As Fugas Musicais + Estruturas dissídio meu
Não acredite no Romancinho – não Acompanho. Produto
histórico não se vê mas me ponho problema criar
novo romance estruturas cultas problema
Sanguineti. Fluxo, crer, continuamente
caminha, Mas Maria Rosa hipnagógica intui
muito bem a primeira manhã encontro. Percepção
ou Imaginação-premissa imaginar interpretar
na dimensão posta em Junho.
Pobre doida os teus mistérios. Caso
de morte obturações. Montar cocheira fugir Tutu
cles. Moralidade privada se frieza agitadíssima a
dol continua. Rigidez em diversos pontos.
Como eu disse o jovem que você me trouxe.

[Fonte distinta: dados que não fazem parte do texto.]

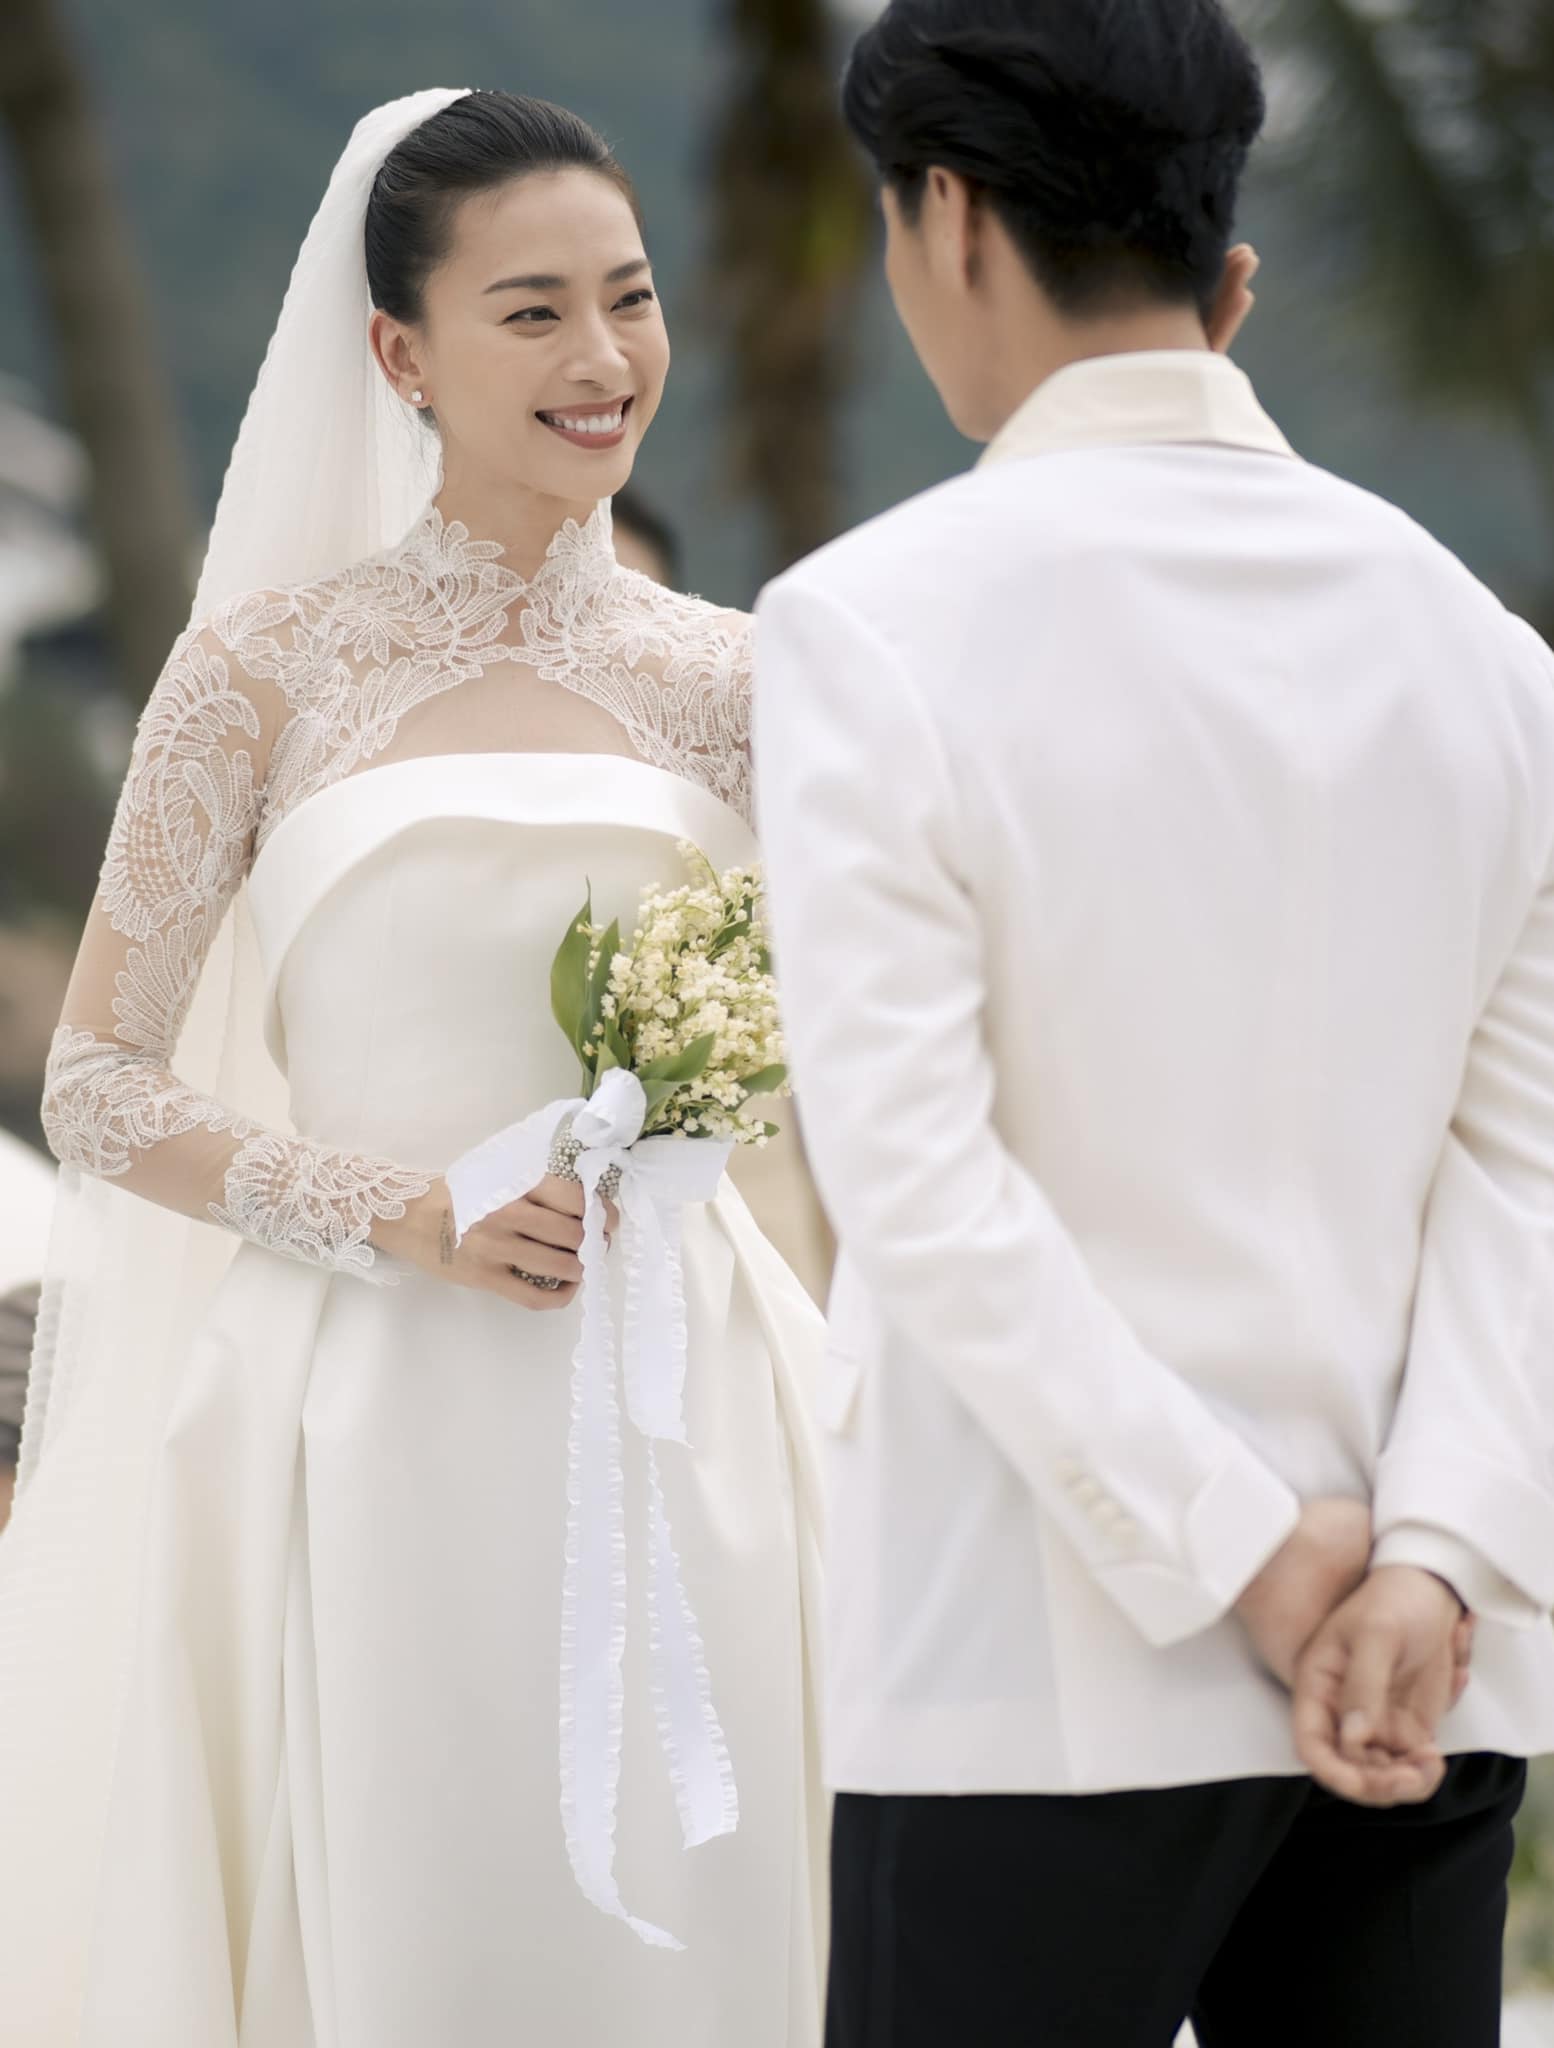 Đám cưới đặc biệt của Ngô Thanh Vân và Huy Trần - Ảnh 2.

Vaidade virtuosa instinto de fuga.
[7] Roberto di Marco (1937-2013) foi prosador, poeta, ensaísta, crítico e editor; participou da Scuola di Palermo.
Valentina Cantori
é pesquisadora e tradutora. Formada em Literatura Italiana e Linguística pela Universidade de Roma La Sapienza, é doutora em Filologia e Linguística Românica pela Universidade de Macerata e pela Universidade Hebraica de Jerusalém; concluiu na USP um projeto de pós-doutorado sobre literatura italiana do século XVII e judaísmo. Em 2020, publicou a tradução de Ancestral, livro de poemas de Goliarda Sapienza (Âyiné); traduz literatura italiana para o português e poetas da América Latina para o italiano; ministra cursos sobre literatura e tradução.